**Task description**
Without its pictures, the listing below is to be transcribed exactly.

**Recorded information**
Start of Block

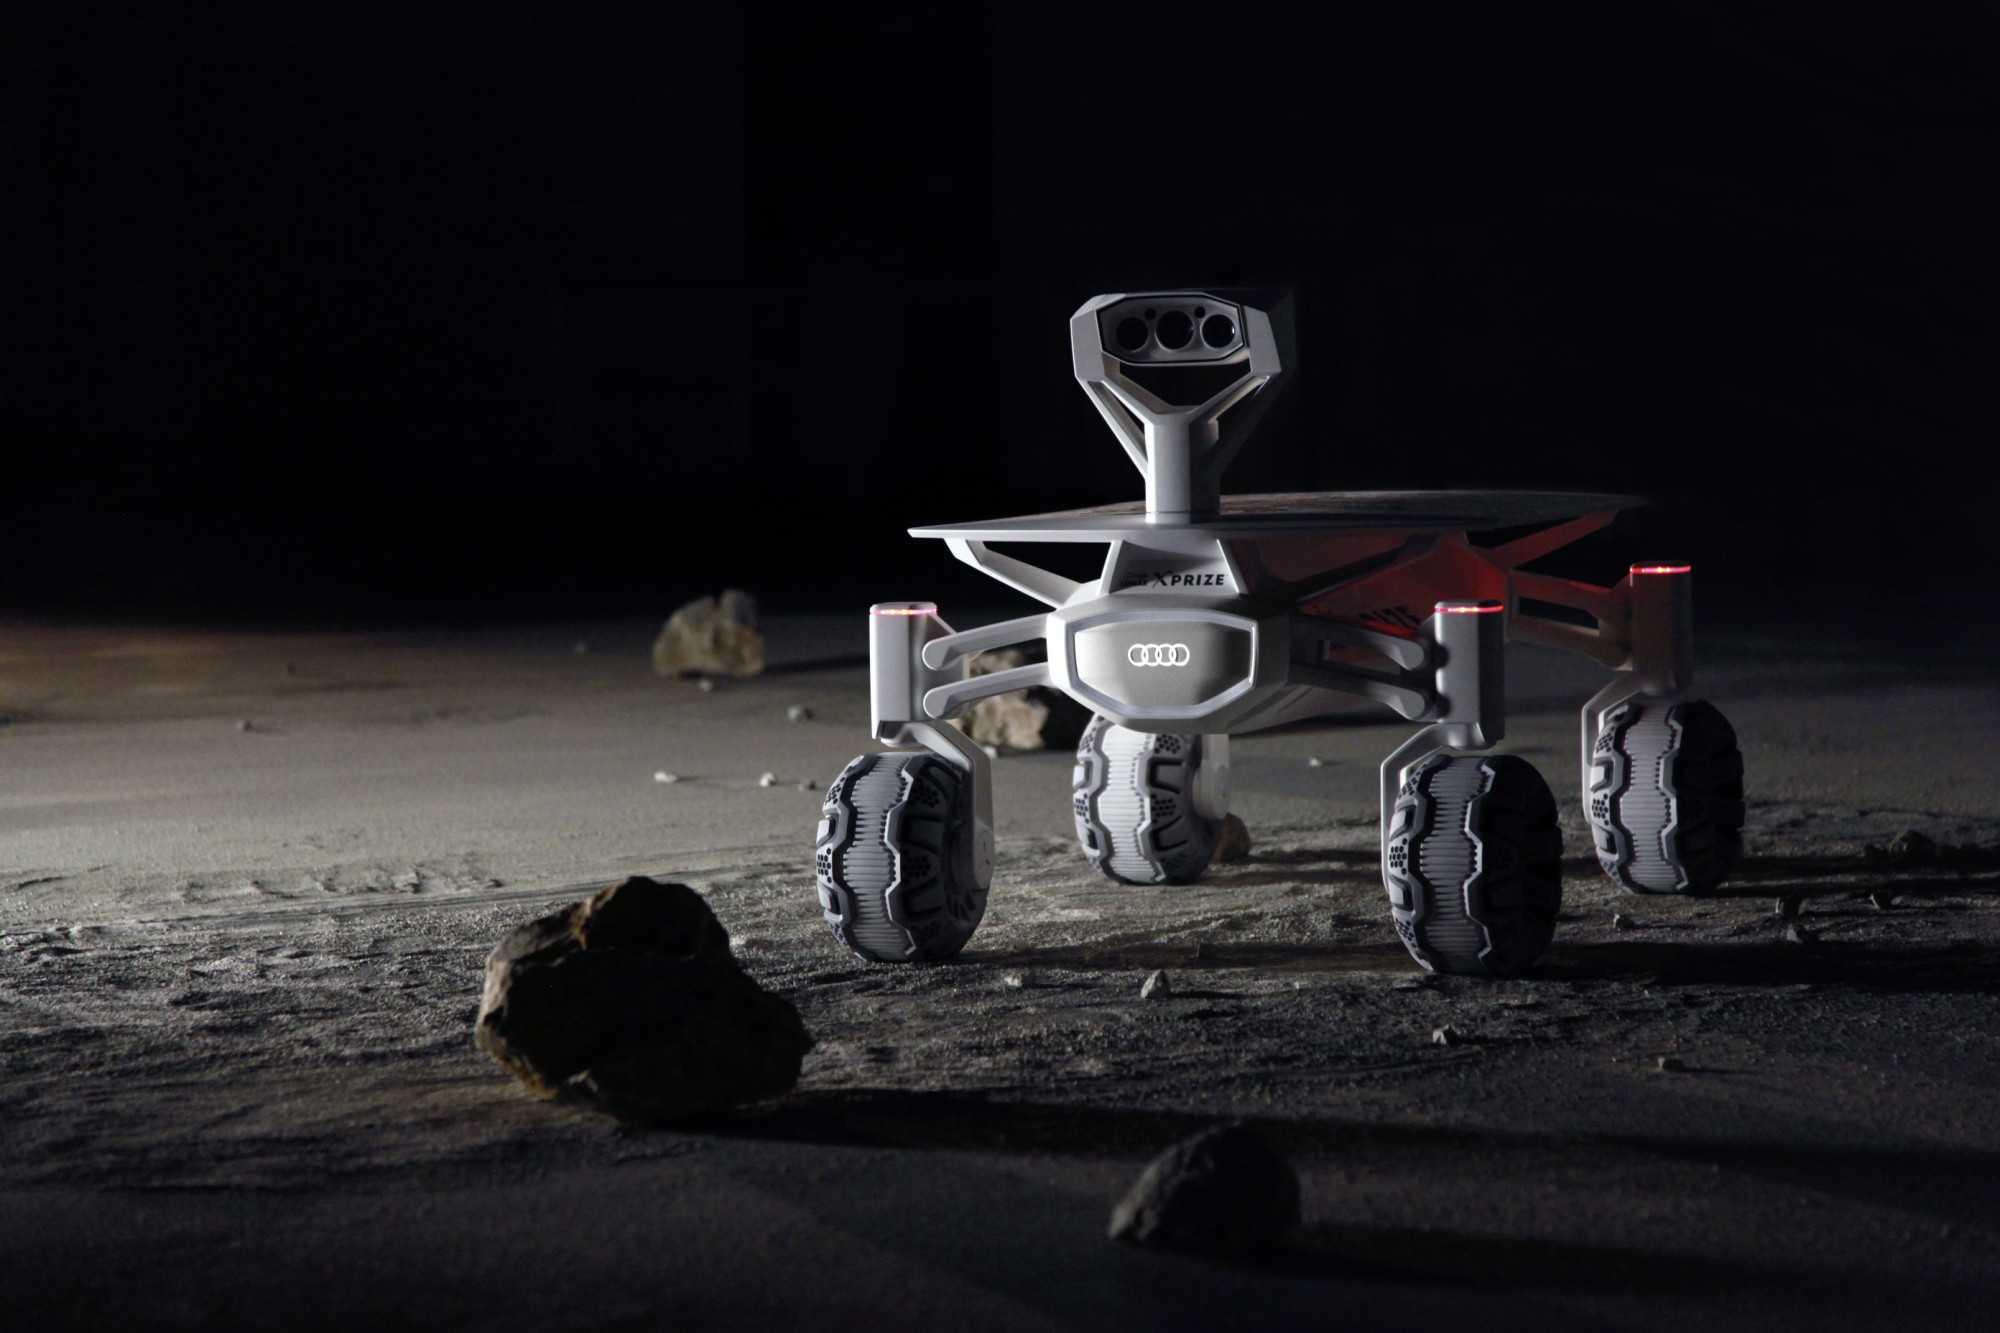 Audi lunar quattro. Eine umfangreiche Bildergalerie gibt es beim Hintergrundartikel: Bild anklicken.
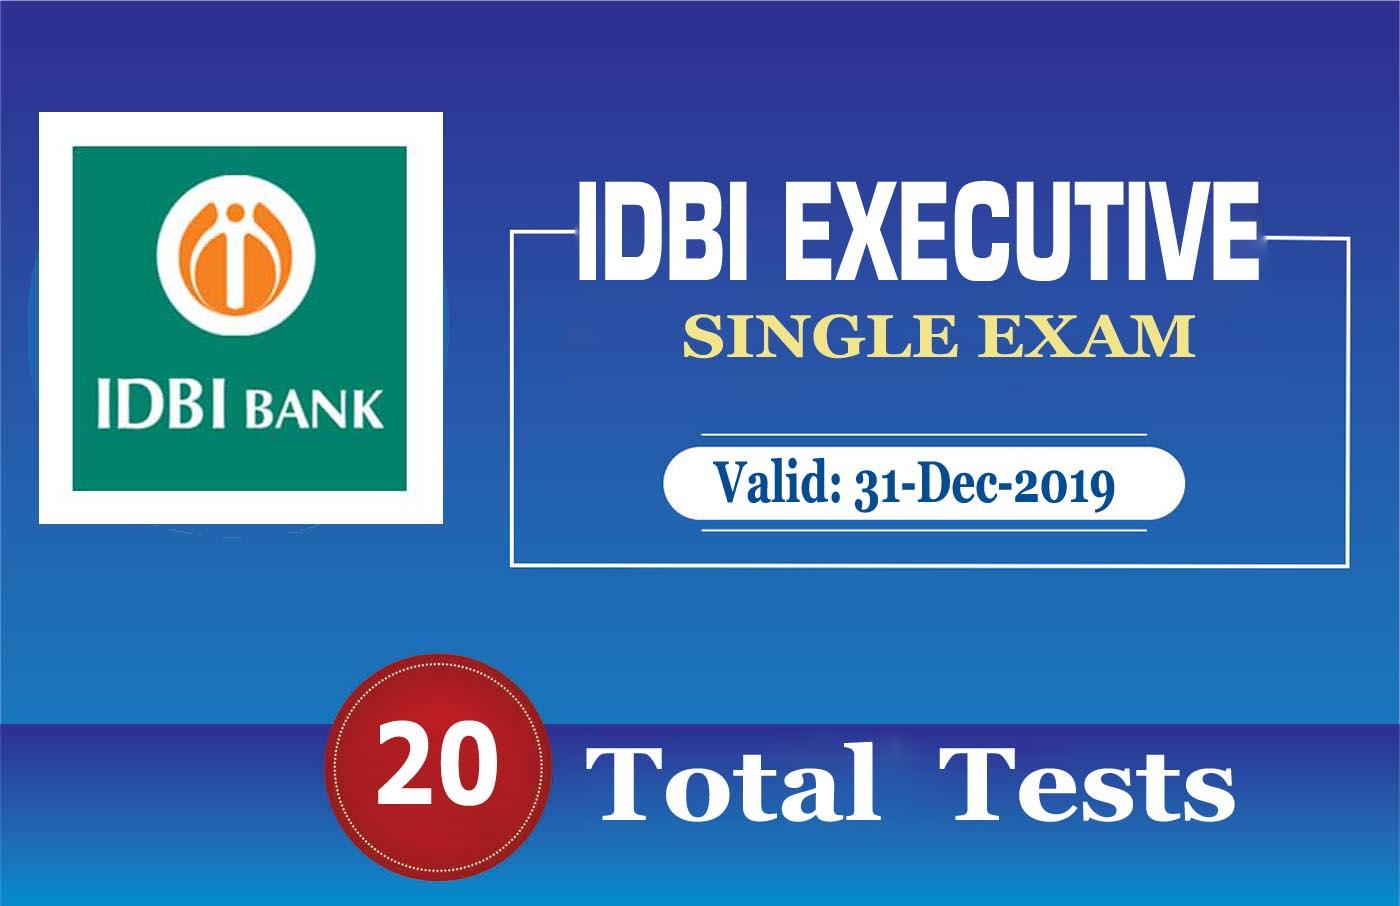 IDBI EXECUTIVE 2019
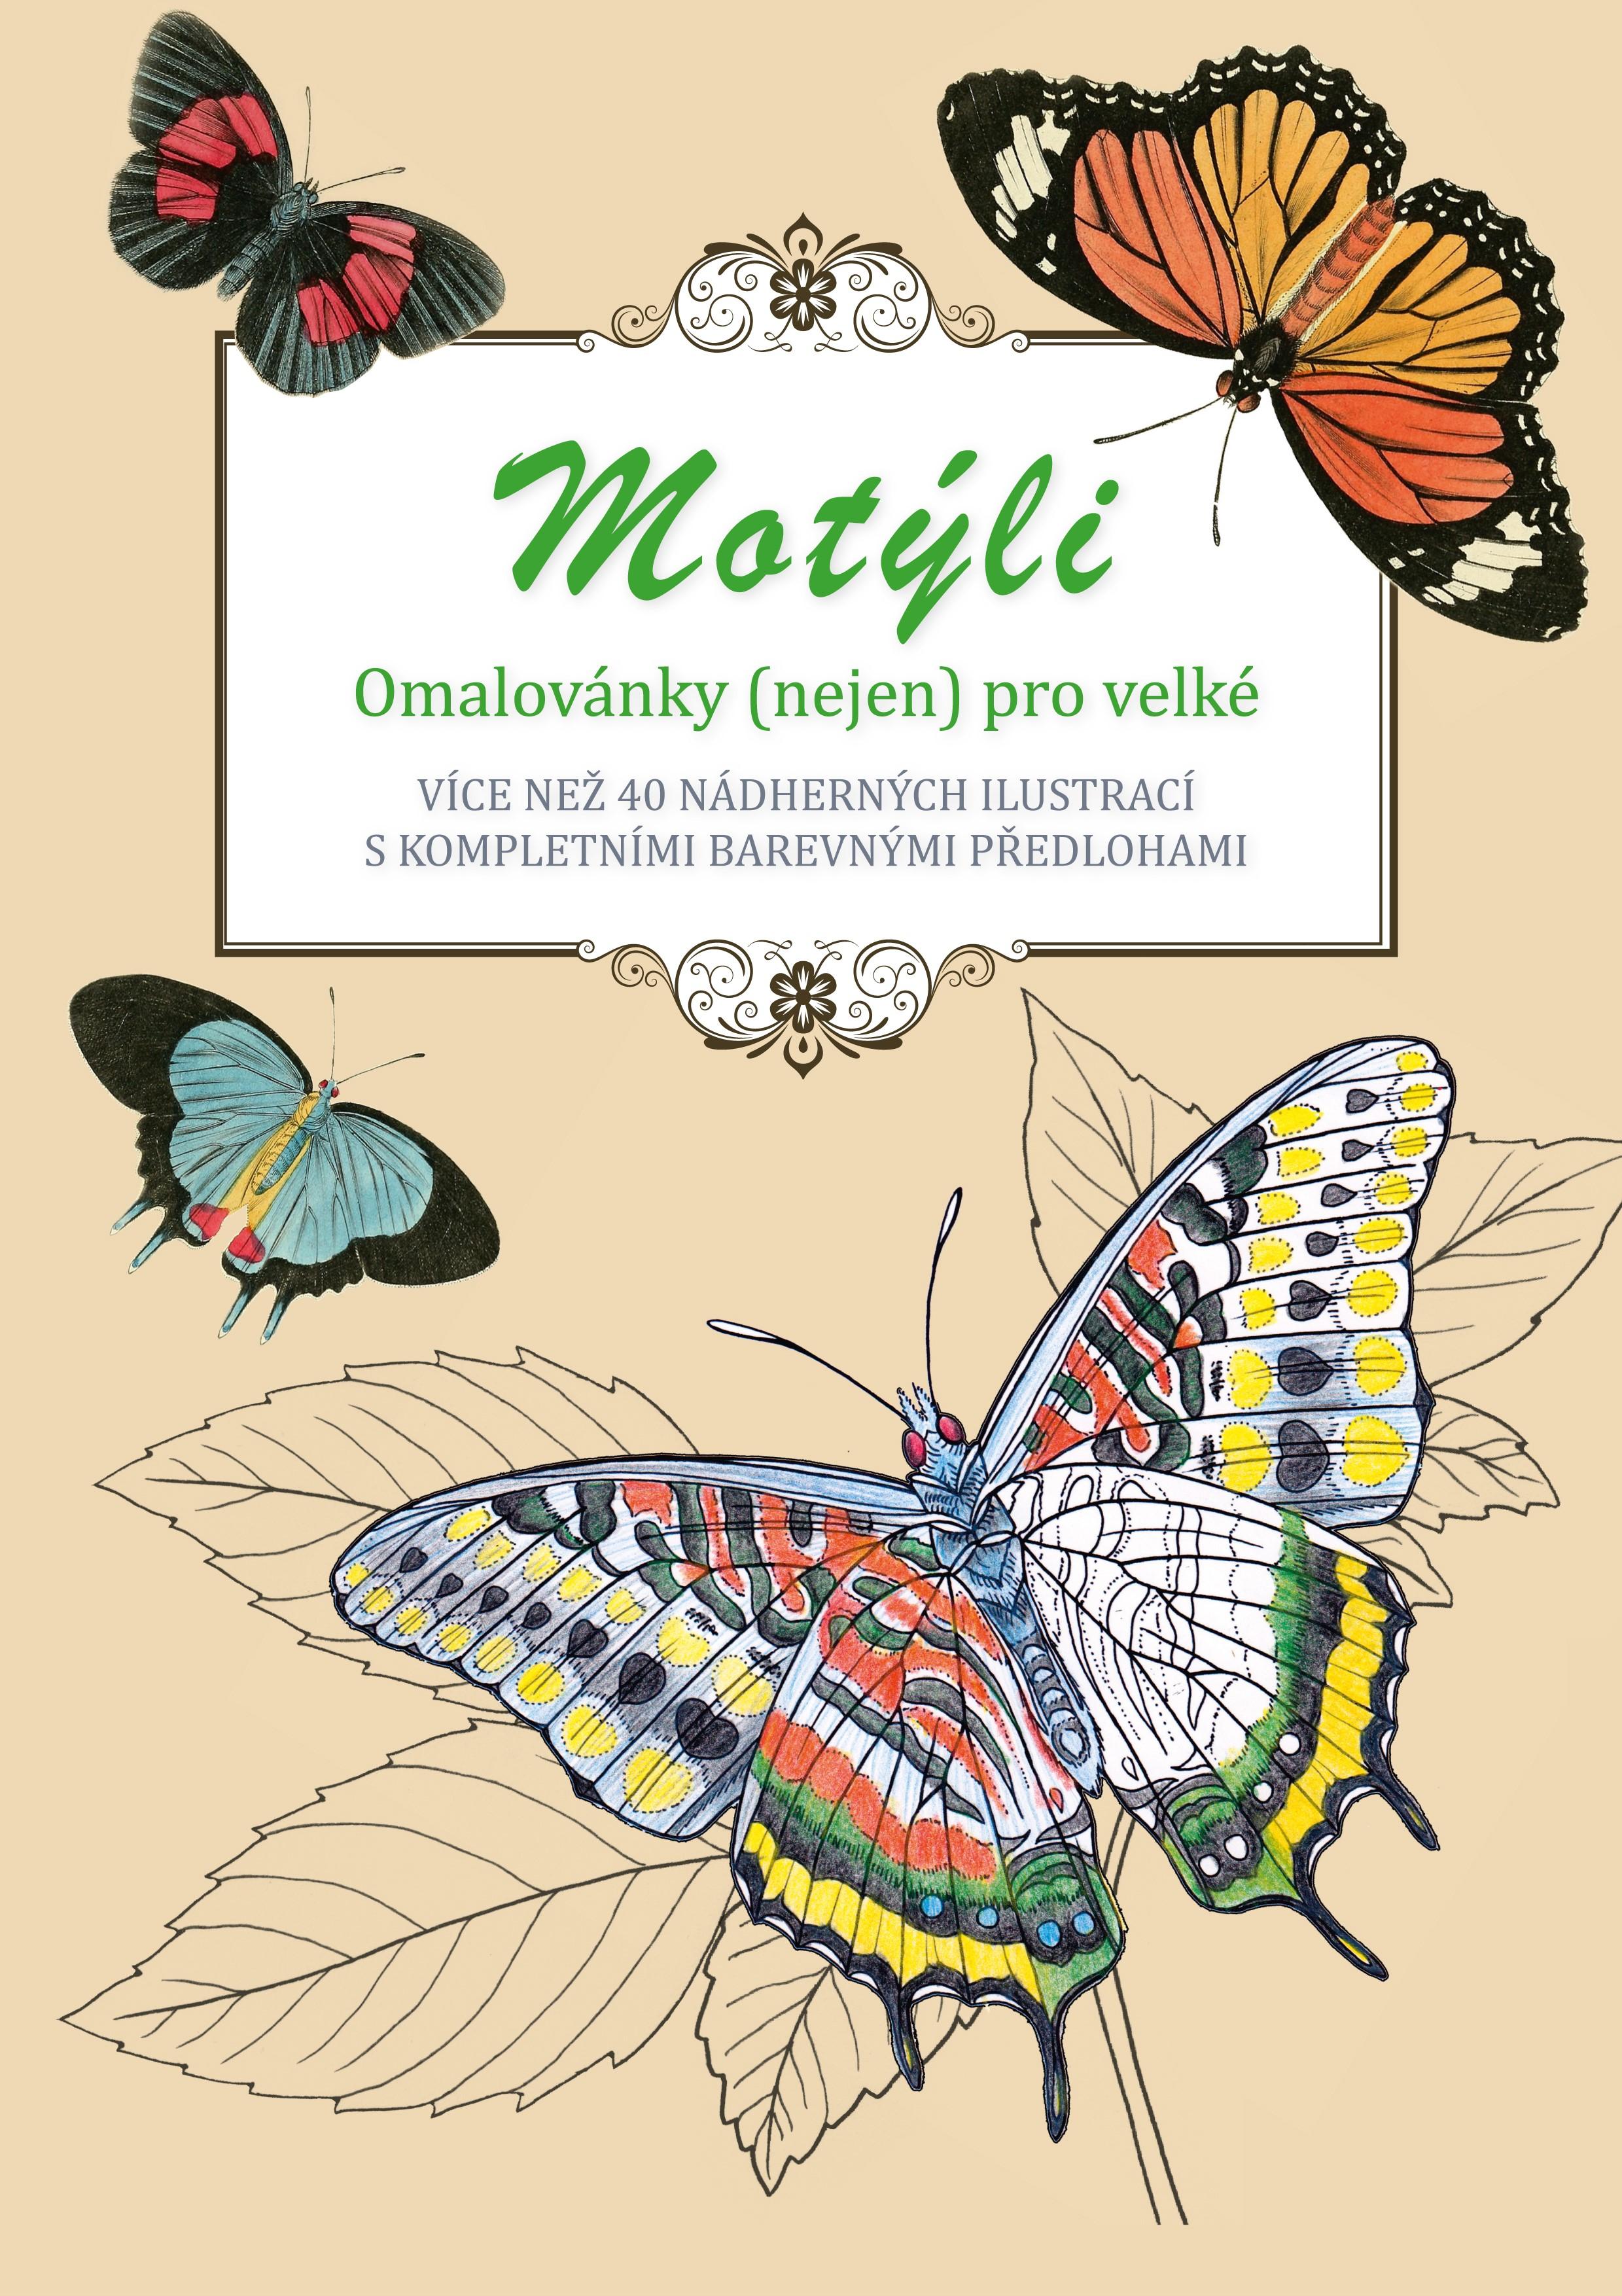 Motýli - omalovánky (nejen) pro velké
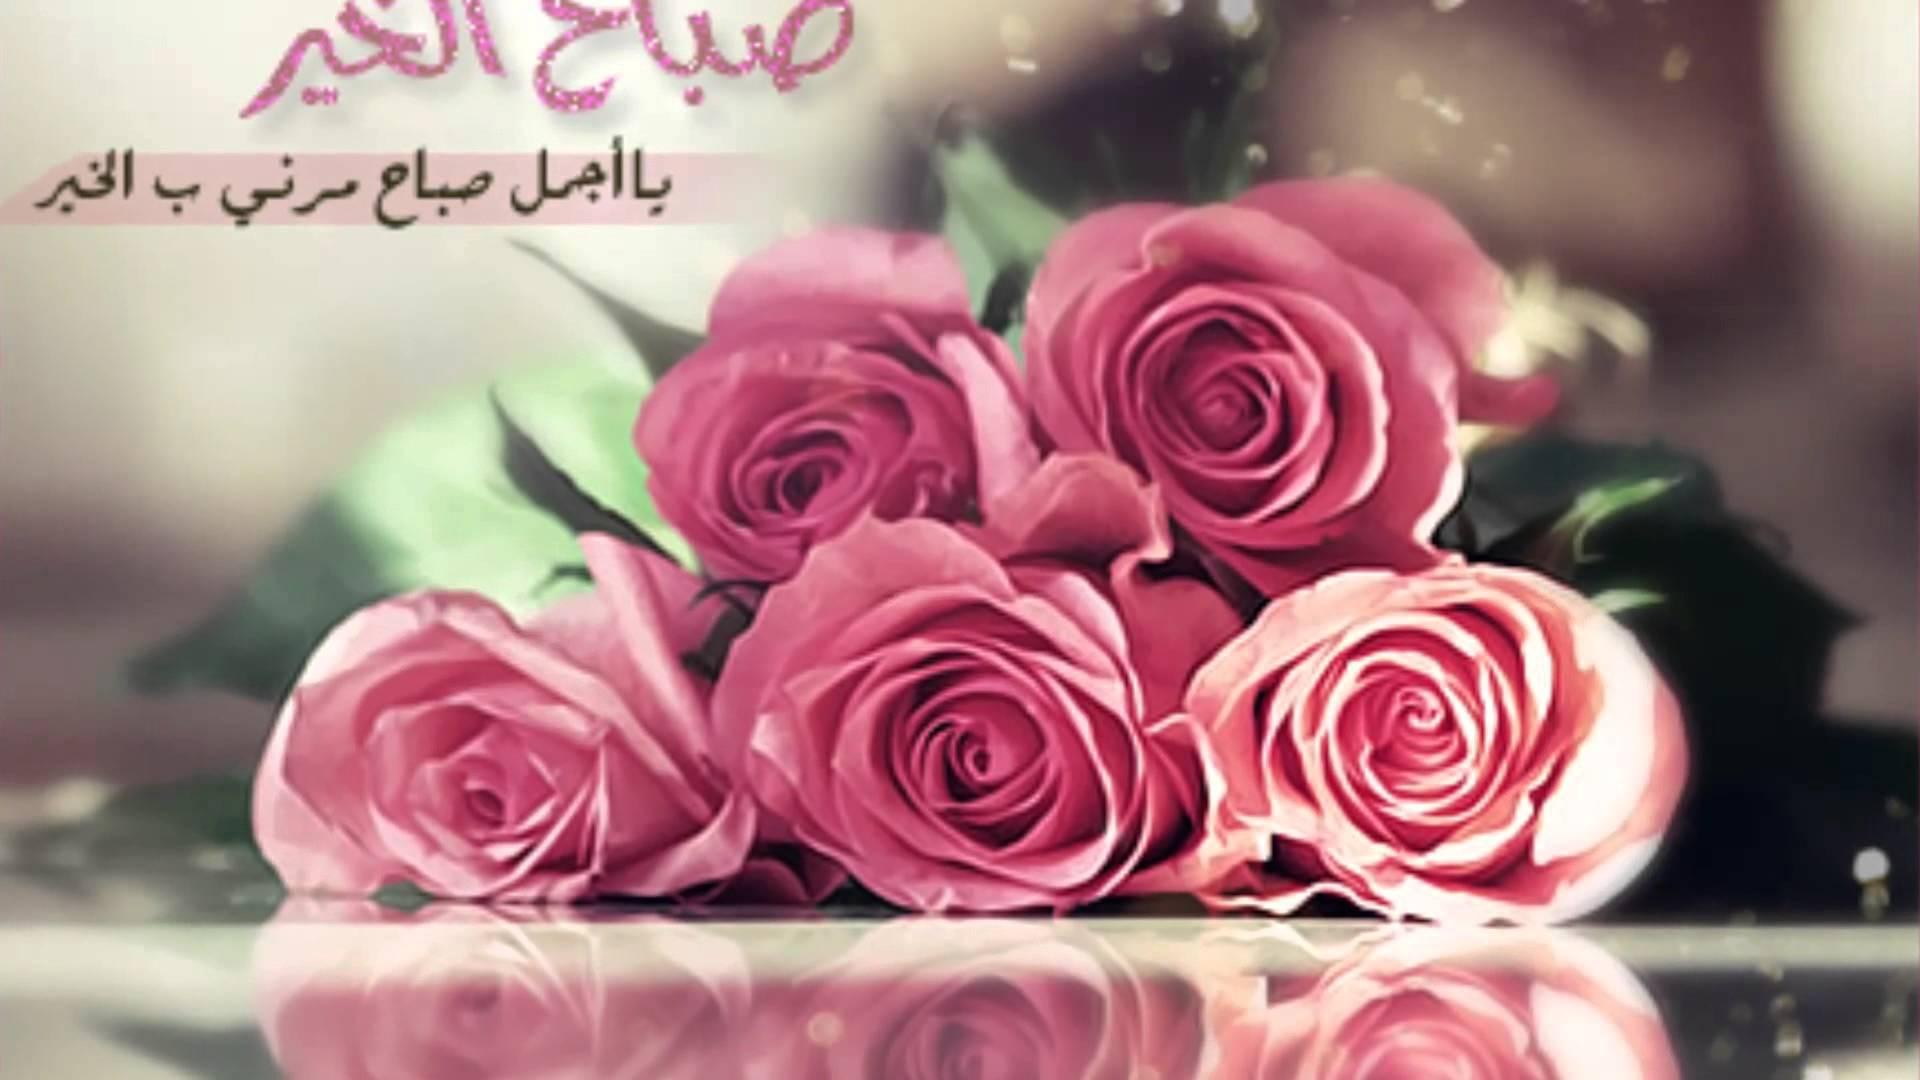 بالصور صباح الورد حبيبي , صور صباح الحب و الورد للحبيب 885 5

End of Block

**Exercise solution**
 Audi lunar quattro. Eine umfangreiche Bildergalerie gibt es beim Hintergrundartikel: Bild anklicken.
 IDBI EXECUTIVE 2019
 Motýli - omalovánky (nejen) pro velké
 بالصور صباح الورد حبيبي , صور صباح الحب و الورد للحبيب 885 5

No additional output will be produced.